The basics of language learning—the naming and vocabulary explosions, fast-mapping, overregularization, extensive practice—apply to every language a young child learns. Young children’s vocabulary in two languages is directly connected to how much they hear. If a child is to become a balanced bilingual, that child needs to hear twice as much talk as usual (Hammer et al., 2011). The same practices can make a child fluently trilingual, as some 5-year-olds are. One parent might talk and read to a child in French, for instance, another in English, while the child plays with Chinese-speaking friends at preschool.

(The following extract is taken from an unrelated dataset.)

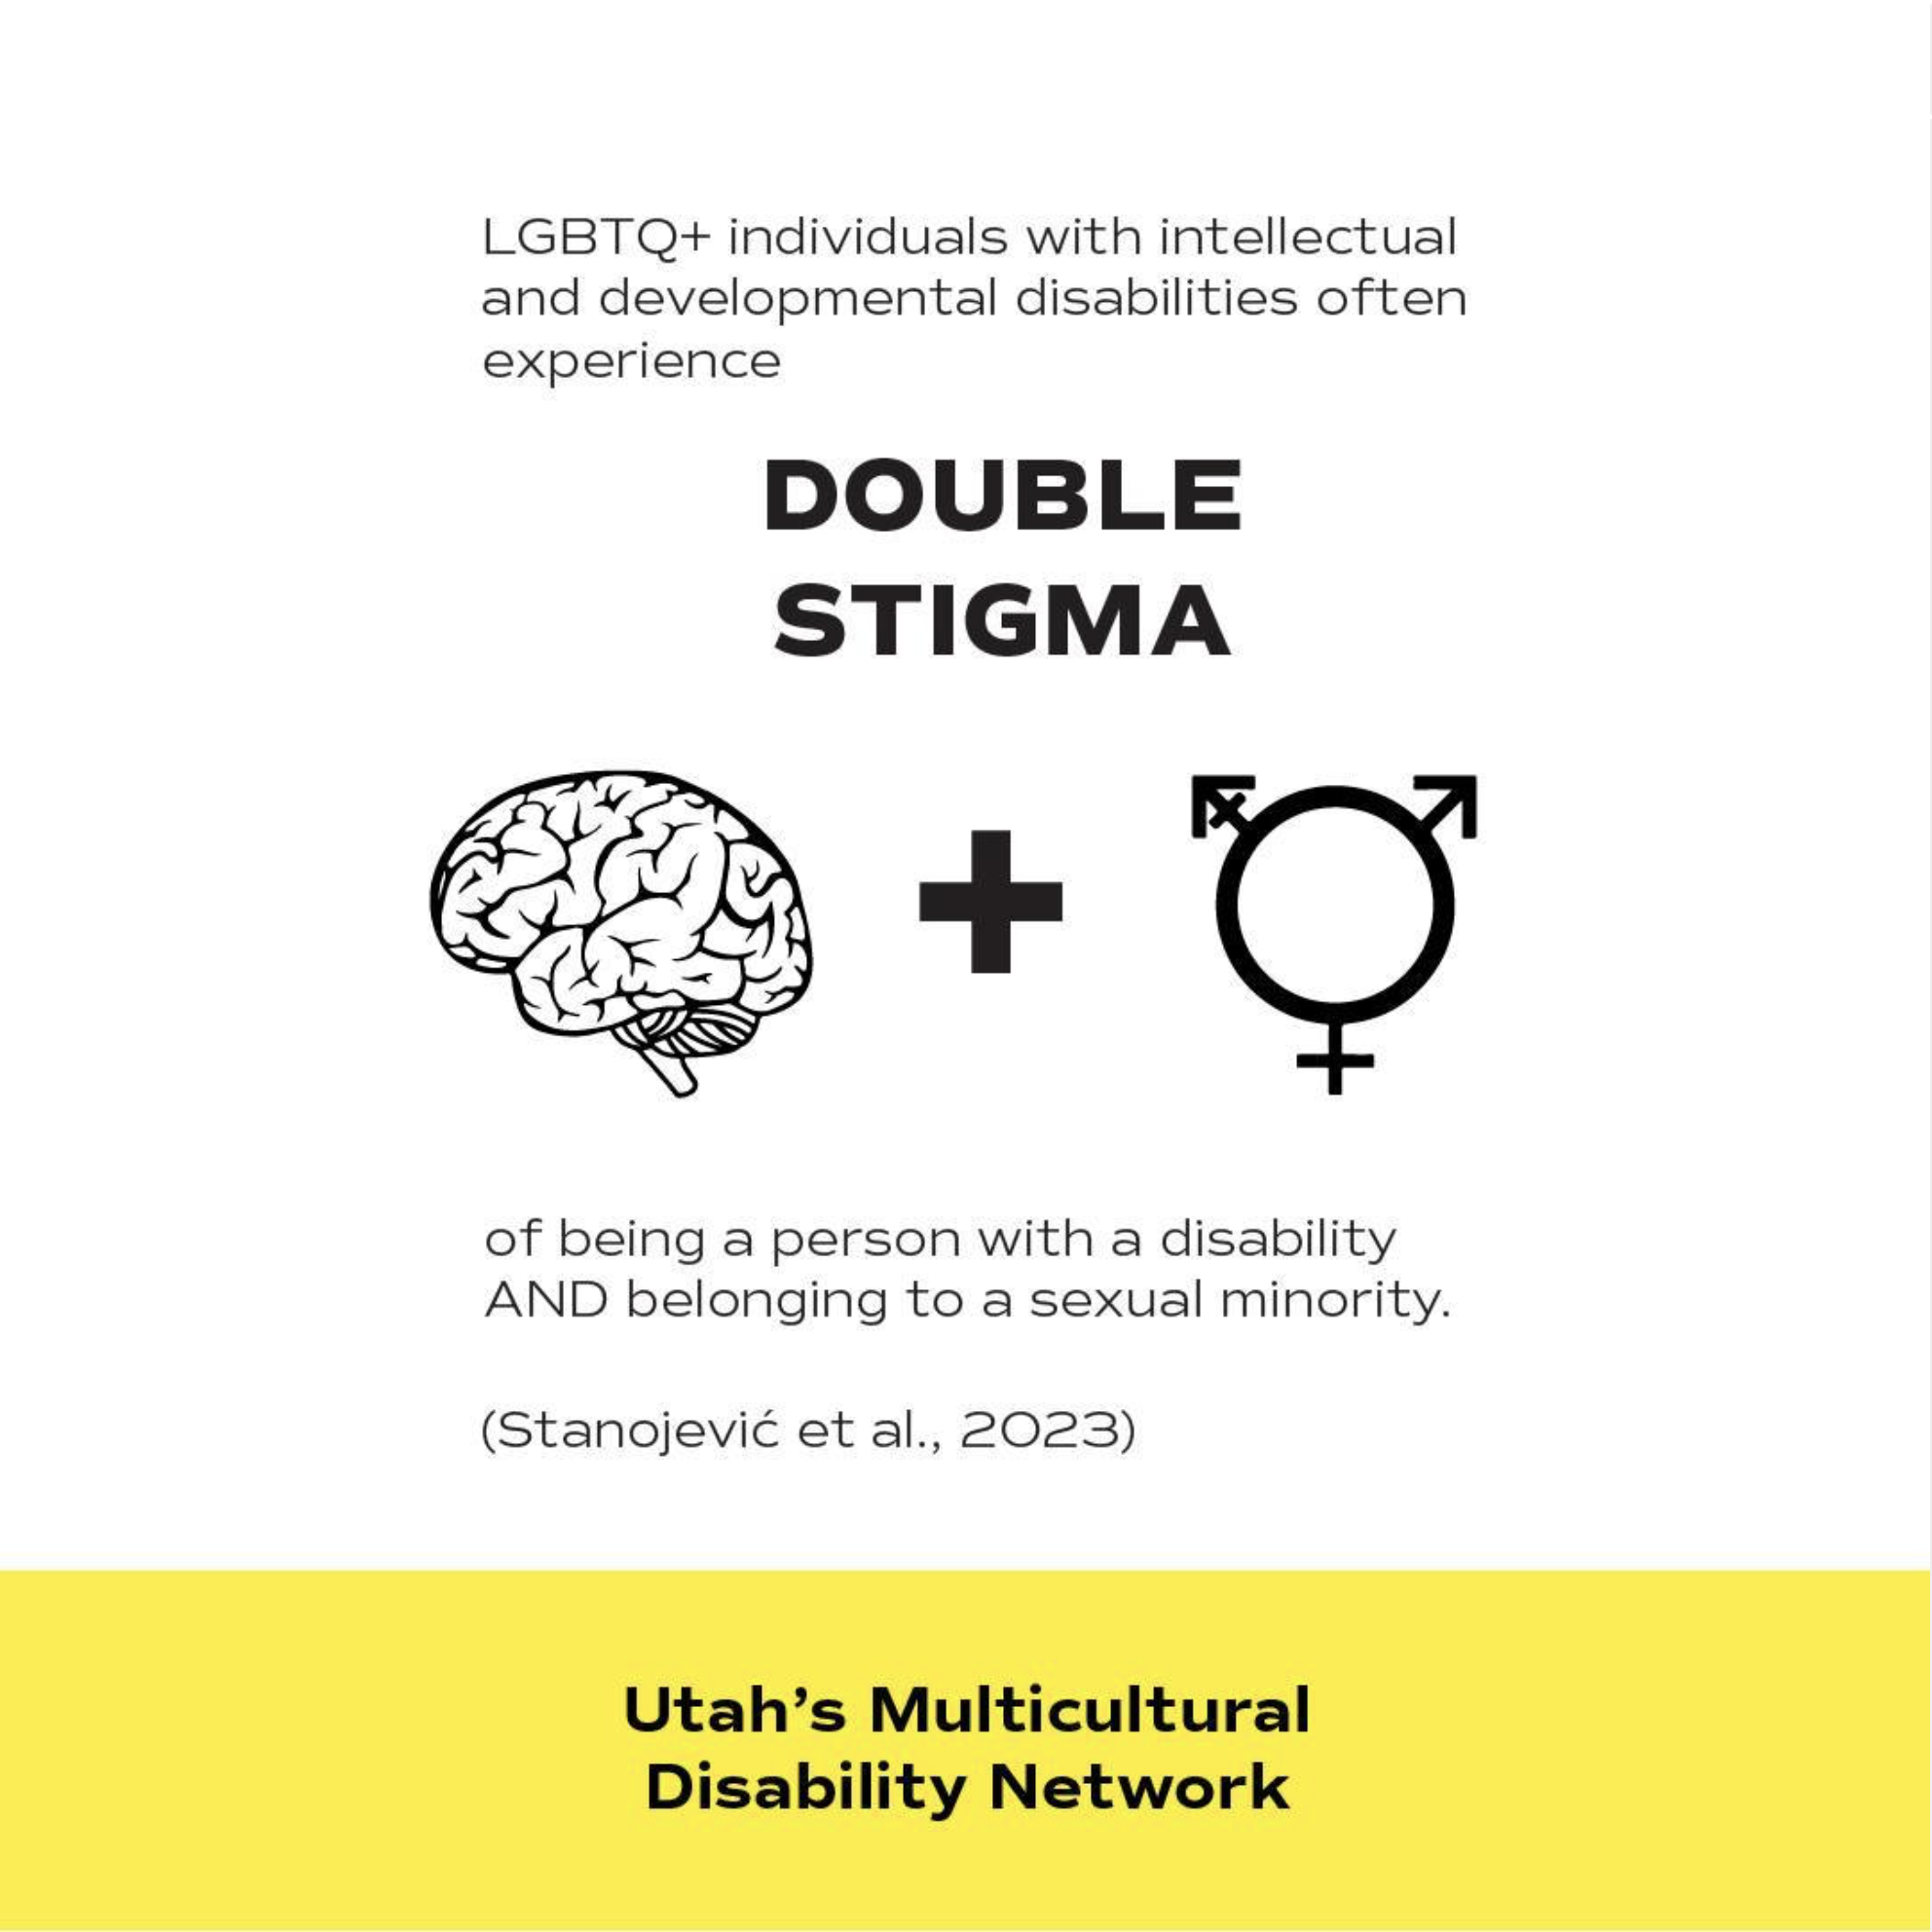 LGBTQ+ individuals with intellectual and developmental disabilities often experience double stigma of being a person with a disability AND belonging to a sexual minority (Stanojevic et al., 2023).

Bilingual children and adults are advanced in theory of mind and executive functioning, probably because they need to be more reflective and strategic when they speak. However, sheer linguistic proficiency does not necessarily lead to cognitive advances (Bialystock & Barac, 2012). Simply learning new words and grammar (many preschools teach songs in a second language) does not guarantee a child will learn to understand and appreciate other cultures.

KEY points

  • Children learn language rapidly during early childhood.
  • Fast-mapping is one way children learn. Errors in precision, overregularization, and mispronunciation are common and are not problematic at this age.
  • Vocabulary advances, particularly if a child is “bathed in language,” hearing many words and concepts.
  • Young children can learn two languages almost as easily as one, if adults talk frequently, listen carefully, and value both languages.